In this blog entry, John S.W. Park, author of Illegal Migrations and the Huckleberry Finn Problem, uses Mark Twain’s character to address lessons about illegal and undocumented immigrants
Huckleberry Finn has two interrelated problems: first, when he discovers that Jim is a runaway slave, he can’t bring himself to tell someone, and so he can’t seem to send Jim back into slavery even though he thinks that he ought to report fugitive slaves; and second, throughout Twain’s novel, Huck can’t seem to see Jim or other black people as full persons, as persons who deserve to be free. Even at the end of the story, it’s not clear that Huck has changed his mind about slavery or its underlying morality, and Jim is free not because white people thought that slavery was wrong or that it ought to be abolished, but because Miss Watson had died and she had freed (just) Jim in her will. Unlike many characters in 19th and 20th century novels, Huck doesn’t change in any fundamental way as a result of his adventures, nor does he reflect on what he’s experienced. He doesn’t “solve” either aspect of his problem: Jim is free, so telling on him is moot, and when Jim saves Tom Sawyer, Huck concludes from this act of sacrifice that this black man was really “white inside.” Huck never sees past Jim’s race or status.
The primary arguments within my book, Illegal Migrations and the Huckleberry Finn Problem, reflect on both aspects of Huck Finn’s problem. I’ve tried to show how these dilemmas have been and are still so intertwined. After slavery, law continued to define people as “unlawful,” as out of place, and the example of illegal Chinese immigrants is but one example among many from the 19th century. They were not the only unlawful people during that time: Native Americans were sometimes described as “off of the reservation,” and so often that “off of the reservation” became a colloquial phrase in English to denote anyone who was dangerous, out of his mind, and out of place. In the original meaning, it referred to a Native American who should have remained within a federal prison system designed for conquered Native American people. “Reservation” had two common meanings: the first referred to Native American settlements controlled by the federal government; and the second referred to areas where wild animals were protected from hunting. A Native American who was “off of the reservation” could, in theory and in practice, be killed, as if he were a wild animal.
A great many (white) Americans have had problems seeing people of color as people. People of color have also had trouble seeing one another as people, as they too are often infected with white supremacist ways of thinking. American law—once it defines a group as “illegal” or “unlawful” or “out of status”—can and did blind a great many people to the common humanity of the other, so much so that they can come to tolerate a level of abuse and degradation against the “illegals” that is shocking and unconscionable. Law dehumanizes before it kills. Because law and legal institutions can have this power, the objects of the law have attempted to hide their status, their stigma, and they have tried many different ways to “cover” their illegal status or to “pass” as someone who doesn’t have it all. By the mid-20th century, thousands of illegal Chinese immigrants lied about who they really were, all in attempts to “pass” as American citizens or legal residents. Many people who are out of status now try to “pass,” too, and the ones who drive well below the posted speed limit or never mention legal status at all are doing their best to “cover,” just like other generations of “illegal” people. Meanwhile, many Americans who complain about these “illegals” rarely bother to question the morality or justice of a system that gave them citizenship simply because they happened to be born here, which really isn’t an “achievement” nor reflective remotely of any kind of moral desert.

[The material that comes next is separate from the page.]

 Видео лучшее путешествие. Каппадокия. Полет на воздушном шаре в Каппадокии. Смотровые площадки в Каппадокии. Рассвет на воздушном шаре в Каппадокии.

We all love Huckleberry Finn, especially when he decides to go to hell and to save Jim, but we should endeavor to be the opposite of him. We should look past race and status, even if this means ignoring some of our own laws. We should see and acknowledge, first and foremost, the humanity of everyone around us. We should be reflective of our common history, and we should realize that we now celebrate people who have resisted American laws that once reduced people to things, or framed some immigrants as though they were a form of pollution or a dangerous kind of “problem” rather than a group of people. We should stop criminalizing people for crossing international boundaries in search of a better life. We should take seriously our common obligations to one another as human beings, either by helping to make a better life possible for all people irrespective of where they are, or by showing compassion to people coming among us when their homes and countries fall apart. In other words, unlike Huck, we should grow up.